Like other VPN providers, PIA advertises a no-logging policy but is among the few that actually sticks to this claim. The FBI has subpoenaed the provider’s activity logs more than once in the past, but it wasn’t able to find anything useful.
Our research team has found other no-log providers. You can check out the top five no log VPN providers here.
Protecting online privacy amidst surveillance
No matter how hard you try to stay anonymous on the Internet, online privacy is under threat, especially for people who are living in any of the Fourteen Eyes countries. These countries spy on their citizens and share what they gather to other member countries.
A VPN can protect you from surveillance, but efforts to undermine the encryption and security protocols used by the VPN industry has recently been initiated by these countries. Some of these countries even allocate a certain budget for the weakening of encryption standards.
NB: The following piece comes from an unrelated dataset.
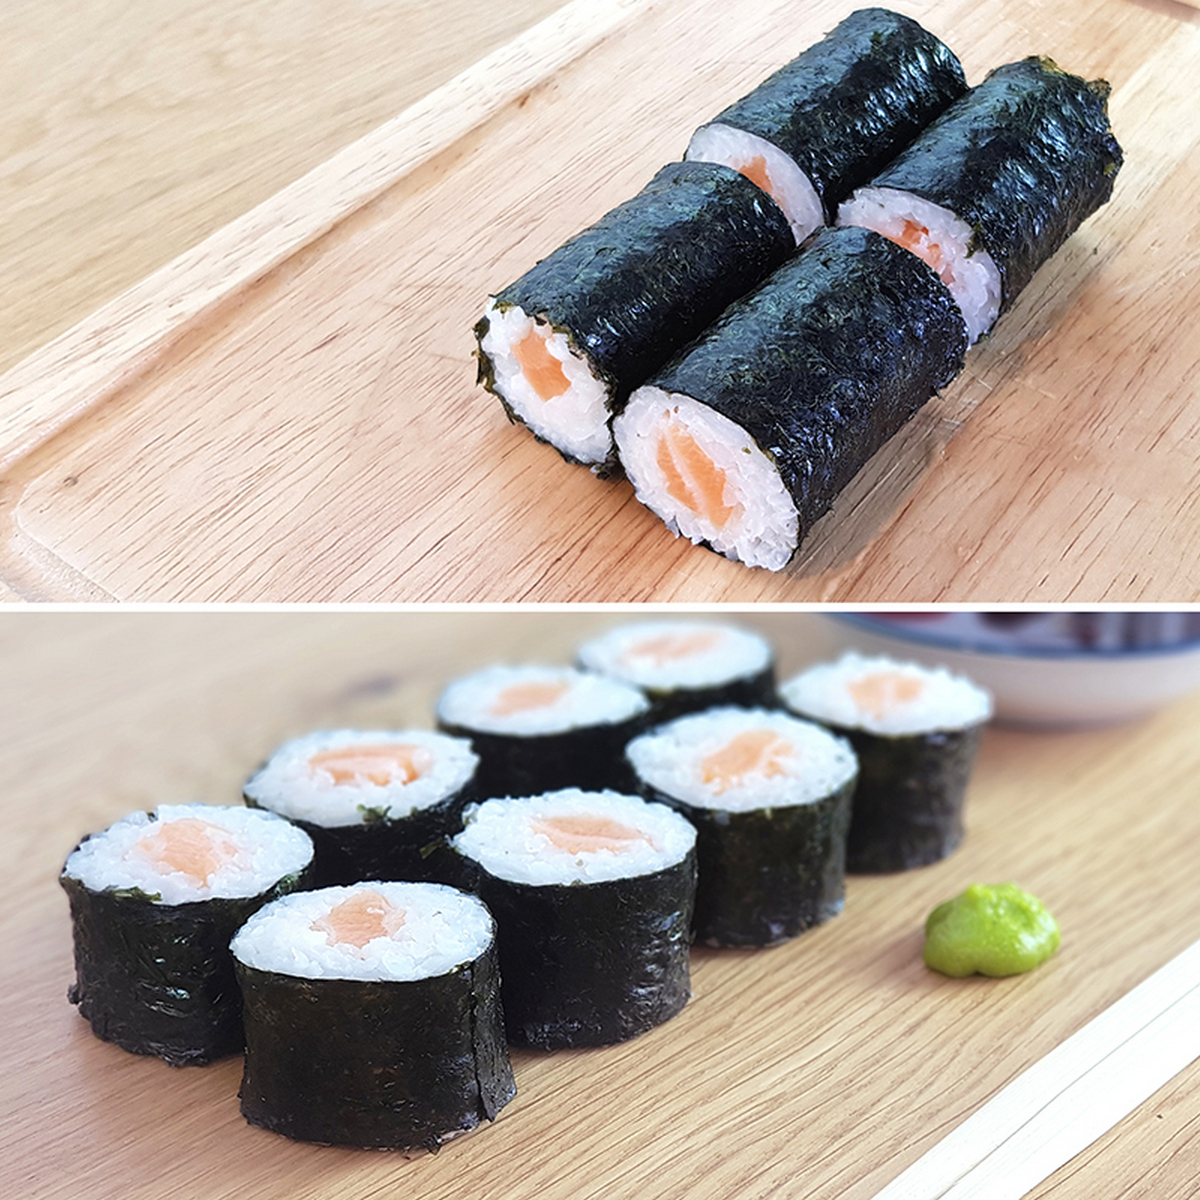 cookut coffret-sushi-maki-faciles ustensile de cuisine une idee cadeau chez ugo et lea (14)

For this reason, you can’t just sign up with the first VPN provider you find on the Internet, and you can’t rely on any provider’s claims alone. You need to assess the providers before you can find the right VPN provider.
There are important considerations, like the provider’s logging policy, business location, and server locations. It is therefore important to do your research diligently. So read our reviews before signing up for any VPN provider.
Don’t stop here. Upholding your right to privacy also includes constantly testing your VPN to make sure that there aren’t any IP leaks.
What we learned after being in the industry for years is that we simply can’t entrust our privacy to the authorities and hope that our governments will protect it. These days, they are also the ones Internet users should be wary of. So we have to do everything we can to protect ourselves in the digital world.